В тот день Люсмила пребывала в благодушном настроении и всего лишь хотела сделать ей комплимент. Однако Дамарис до самых печенок пронзила боль от осознания, что и Люсмила, и, конечно же, все вокруг в смысле детей поставили на ней крест, и правильно, она и сама это знала, но признаться в этом самой себе было невозможно.
Так что последнее замечание ее двоюродной сестры, которая в свои тридцать семь могла похвастаться двумя дочками и двумя внучками, вызвало в ней желание разыграть трагедию, как в телесериале, и со слезами на глазах громко, чтоб та раскаялась в своих словах, заявить: «Да, я назвала собаку Чирли, как дочку, которой у меня никогда не было!» Но она не стала разыгрывать трагедию и ничего не сказала.

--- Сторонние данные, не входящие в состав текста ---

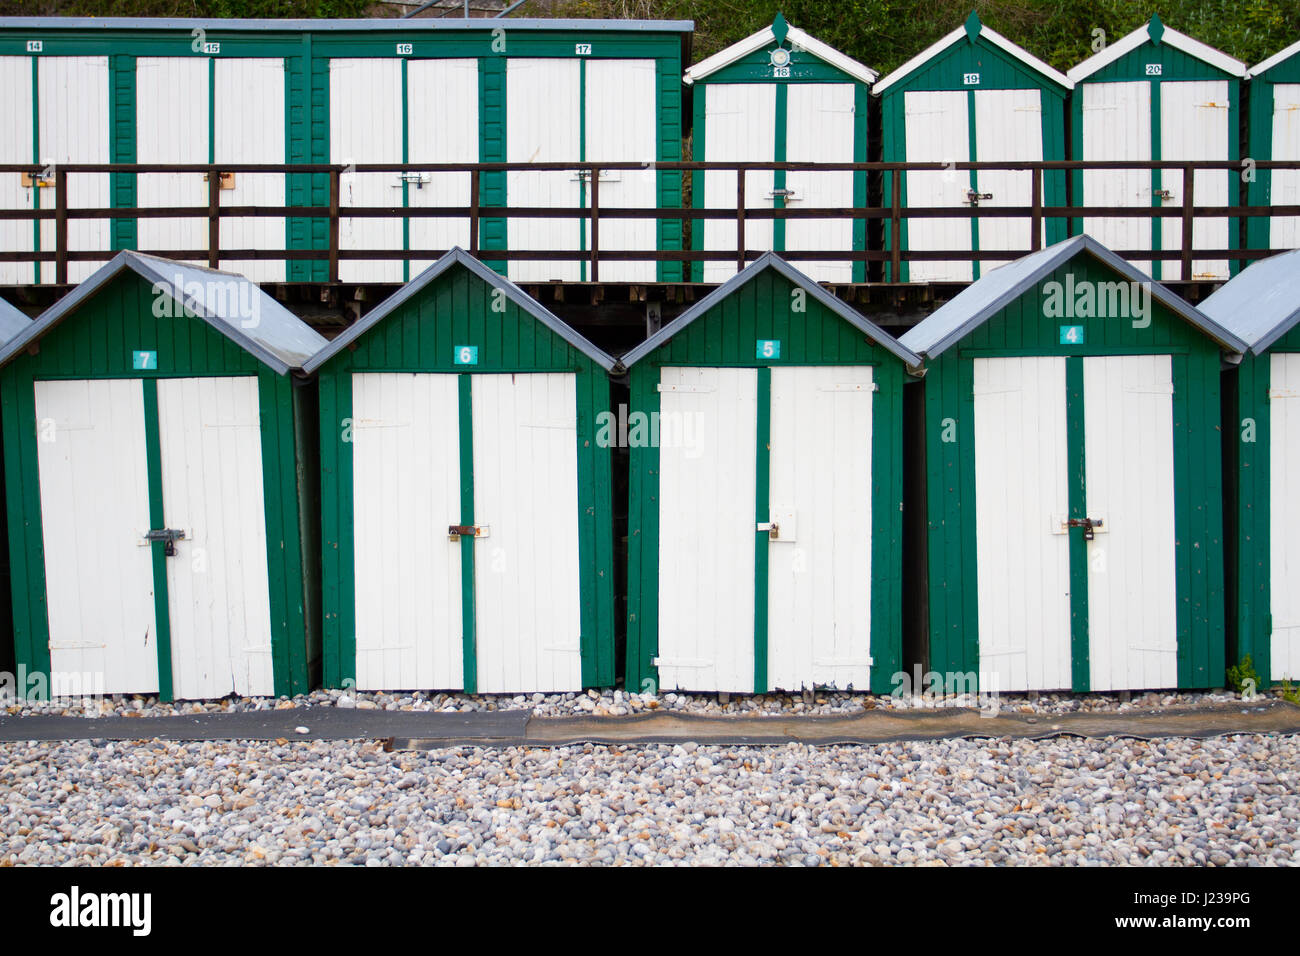 Gleichmäßigen Reihen von traditionellen, grün und weiß lackiert Strandhütten an einem britischen Strand mit Schlösser an den Türen. Stockfoto

Просто положила щенка обратно в коробку и спросила кузину, звонила ли она на неделе отцу, дяде Эльесеру, который живет на юге и в последнее время неважно себя чувствует.
Спускаясь в деревню, Дамарис порой заходила к донье Элодии – спросить о щенках. Из всего помета у доньи Элодии оставался только один, она держала его в картонной коробке на полу в ресторане и по-прежнему кормила из шприца. Ей удалось раздать остальных по знакомым – как в деревне, так и в соседнем городке, но в живых щенков день ото дня оставалось все меньше и меньше – они умирали. Один погиб потому, что в новом доме на него напал главный пес хозяина, а еще семеро просто умерли, и всё, и никто не знал почему. Дамарис пыталась убедить себя, что все потому, что люди просто не умеют обращаться с такими маленькими щенятами. Но не раз и не два приходили ей на память слова Люсмилы – «Ты же так бедное животное до смерти затискаешь», – и возникала мысль, что она, быть может, тоже все делает неправильно и наступит тот день, когда и эта девочка к утру превратится в бездыханное тельце, как и ее братики.
К концу первого месяца из одиннадцати в живых осталось трое: та, что у Дамарис, тот, что остался у доньи Элодии, и тот, которого взяла Химена, женщина лет шестидесяти из соседнего городка, зарабатывавшая на жизнь продажей всяких индейских поделок. Дамарис очень удивилась, что щенок этой сеньоры не умер. Не слишком хорошо ее зная, она тем не менее была наслышана о том, что жизнь эта женщина ведет довольно беспорядочную. Как-то раз, во время фестиваля китов, Дамарис видела ее такой пьяной, что та и на ногах-то не держалась, а в другой раз, воскресным утром, наткнулась на нее прямо на ступенях лестницы, ведущей к пляжу из соседнего городка, где та, судя по всему, отсыпалась после попойки – грязная, с засохшей блевотиной на подоле.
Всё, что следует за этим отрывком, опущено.